Blackboard Perspectives and thoughts from Zhenhua Yao

Layman's Quick Guide on Crashdump Debugging

In distributed computing, we rely on traces and metrics to understand the runtime behavior of programs. However, in some cases we still need assistance from debuggers for live-site issues. For instance, if the service crashes all of sudden and no trace offers any clue, we need to load crashdump into debugger. Or some exception is raised but traces are insufficient to understand the nature of the problem, we may need to capture a full state of the process.

In old days, at least starting in Windows 3.1, there was a Dr. Watson to collect the error information following a process crash, mainly the crash dump file. Every time I saw it, something bad happened. Nowadays it has been under the new name of Windows Error Reporting, or WER. Inside the platform, there is still a “watson” service to collect all the crashdumps created by the platform code, process it, assign to the right owner, and send alerts as configured. Some times during live-site investigation, we can also request a dump file collection using “Node Diagnostiics”, then the file will be taken over by Watson (assuming your hand isn’t fast enough to move the file somewhere else).

Like it or not, to look at the dump file you have to use windbg. You can choose cdb or windbgx but they are not really different. If you are too busy to learn how windbg works, particularly managed code debugging using SOS, then you may use this quick guide to save some time.

Debugger extensions

Download sosex from Steve’s TechSpot and save the DLL in the extension directory.

Download mex from Microsoft download and save the DLL in the extension directory.
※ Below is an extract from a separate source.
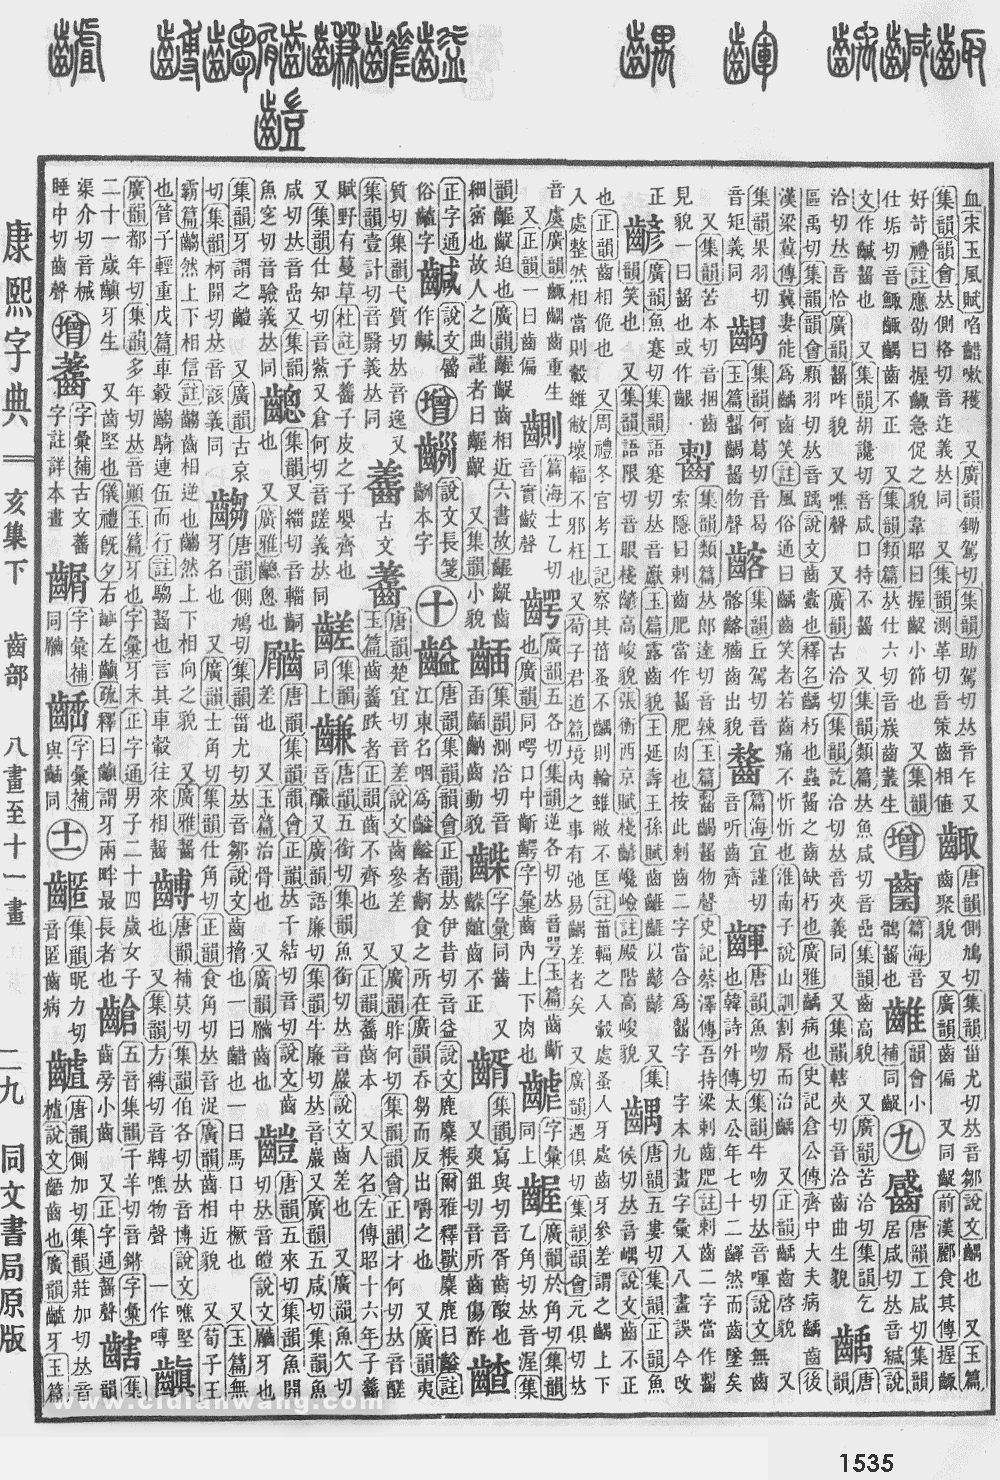 康熙字典掃描版第1535頁

To find the extension directory, find the directory at where windbg.exe is located using Task Manager, then go to winext directory.

Basic commands

Exit windbg: enter qd or simply Alt-F4.

Display process environment block

!peb

Wou will see where the execution image is, all the environment variables which contains the machine name, processor ID, count, etc.

CPU usage

To check which threads have consumed how much CPU time:

!runaway

To check CPU utilization, thread pool worker thread and completion port thread usage:

!threadpool

List of threads: check if how many threads there are, any threads are terminated or hitting some exception, etc.

!threads

If you click the blue underlined link you can switch to that thread, then use the following to see the native stack trace:

k

or see the managed stack trace

!clrstack

To check the object on the stack run the following:

!dso

To check the local variables of a specific frame (use the frame number in “k” output):

!mdv [FrameNumber]

Object count: to get the statistics of objects in the managed heap.

!dumpheap -stat

If you want to get the live objects (the objects that cannot be garbage collected), add -live parameter. If you want to get the dead object, add -dead parameter.

Find object by type name: firstly find the list of types with statistics by the type name (either full name of partial):

!dumpheap -stat -type MyClassName

Then click the method table link, which is essentially:

!dumpheap /d -mt [MethodTableAddress]

You can click the address link to dump the object, or

!do [ObjectAddress]

A better way to browse the object properties is to use sosex:

!sosex.mdt [ObjectAddress]

To know why it’s live, or the GC root:

!gcroot [ObjectAddress]

or use sosex

!sosex.mroot [ObjectAddress]

Symbols

Check the current symbol path, you use use menu or

.sympath

Add a directory where PDB files (symbols) are located, use menu or

.sympath+ \\mynetworkshare\directory\symbols

Find all the class names and properties with a particular string (use your own wildcard string):

!sosex.mx *NetworkManager

List of all modules loaded:

lm

To get the details about a module, click the link in above output or:

lmDvm MyNameSpace_MyModule

Here you can see the file version, product version string, timestamp, etc. For the files from many repos, you can see the branch name and commit hash. If you are interested in the module info:

!lmi MyNameSpace_MyModule

To show disassembled IL code, firstly switch to a managed frame, then run mu:

!sosex.mframe 70
!sosex.mu

Advanced

Find unique stack traces: this will go through the stack trace of all threads, group them by identical ones, and show you which stack has shown up how many times:

!mex.us

Often times you can see lock contentions or slow transaction isuse, etc.

Find all exceptions:

!mex.dae

Dump all async task objects:

!mex.tasks

If you have to debug memory related issue, refer to my previous post.

Further reading

Many debugging topics are not covered, for instance finalization, deadlock, locking, etc. If quick guidance is insufficient, please spend some time starting from Getting Started With Windows Debugging or the book Advanced .NET Debugging.